Welcome to Thebes
RNT Olivier Theatre
The National Theatre's annus mirabilis continues. Six months in, 2010 has provided an almost unbroken stream of hits.
Welcome to Thebes is a wonderfully ambitious updating of Greek mythology by Moira Buffini, who offers us a racy modern story with appropriately uncompromising, poetic language and a feminist slant.
The playwright is helped in bringing her own sometimes subverted brand of mythology to the stage by her director, Sir Richard Eyre. The former Artistic Director of the theatre obviously relishes the chance to work in a reputedly tricky space and has the remarkable knack of faultlessly moving an oversized cast around the Olivier stage without any apparent effort.
Miss Buffini has moved the story of Thebes to some unnamed African country today and it is chilling to see how little feels out of time or place.

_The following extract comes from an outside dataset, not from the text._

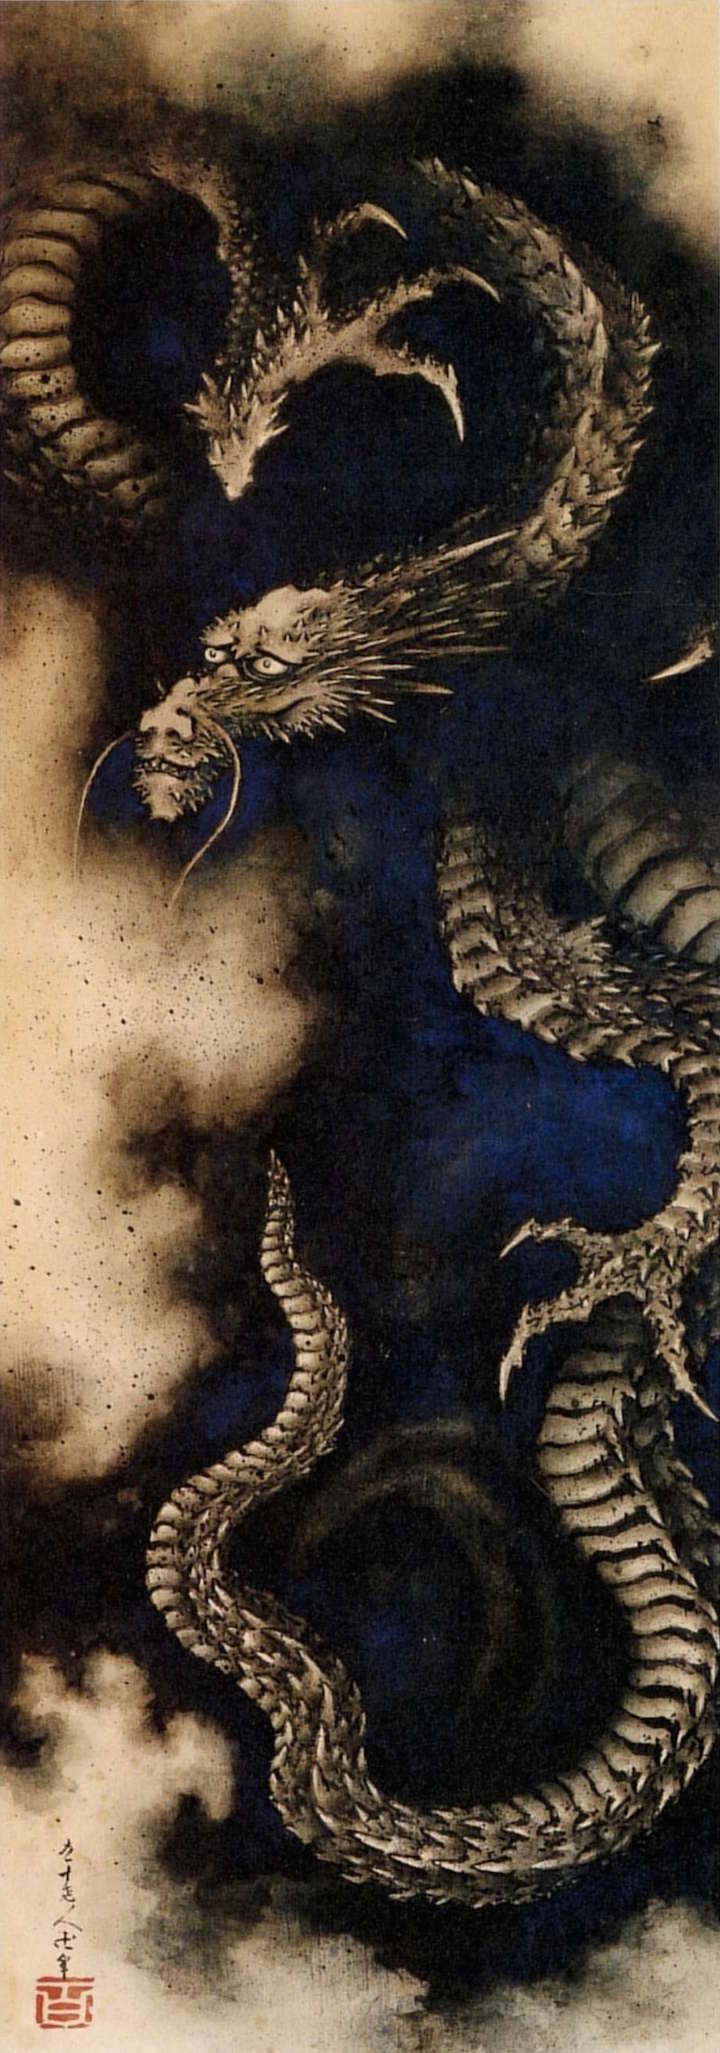 Dragon in rain clouds (1849), Hokusai. Musée national des arts asiatiques Guimet, Paris

Thebes is under the leadership of a parliament of women fronted by Nikki Amuka-Bird's Euridyce. She has her work cut out to remain in power as competing groups lay claim to her throne.
The most powerful are the Athenians under the powerful Theseus, played with oodles of charm by David Harewood. Their imperialist tendencies might bring to mind inevitable contemporary parallels, as Theseus tries not only to get what he wants from the war-torn state but also its attractive President.
He seems positively benign when compared with vain warlord "Prince" Tydeus (Chuk Iwuji) and his vengeful sidekick Creon's widow and Euridyce's sister-in-law Pargeia (Rakie Ayola).
There are many other undercurrents to pack out a bloody but highly entertaining 2¾ hours. On stage, we see the torment of Antigone (Vinette Robinson) over the unburied corpse of her brother Polynices contrasted with the indifference of their gorgeous (and doesn't she know it) sister Ismene (Tracy Ifeachor).
They are ineffectually courted by the first of two blind men, Euridyce's good-hearted son Haemon (Simon Manyonda).
All is watched over not only by the Gods but also blind Tiresias, who is memorably portrayed by Bruce Myers. The old man is both a reminder of the state's sordid past and a seer predicting a future that is bad for all. The worst sufferer is Theseus himself, perennially worried about telephonic silence of his wife Phaedra and son Hippolytus, with cause.
Chuck in a few child soldiers and reports of atrocities perpetrated by all and you have a play that successfully links its mythical roots to the modern world.
To enjoy Welcome to Thebes to the maximum, it helps to have at least a rudimentary grasp of Greek myth either from past experience or the playwright's helpful programme notes, if only to get some of the dark in-jokes. However, newcomers should still take away a great deal from this lively, action-packed new version in a fine production.
The risk is also minimised, since Travelex are sponsoring the play as part of their latest £10 season. As such, this must be one of the best entertainment bargains currently available in the capital.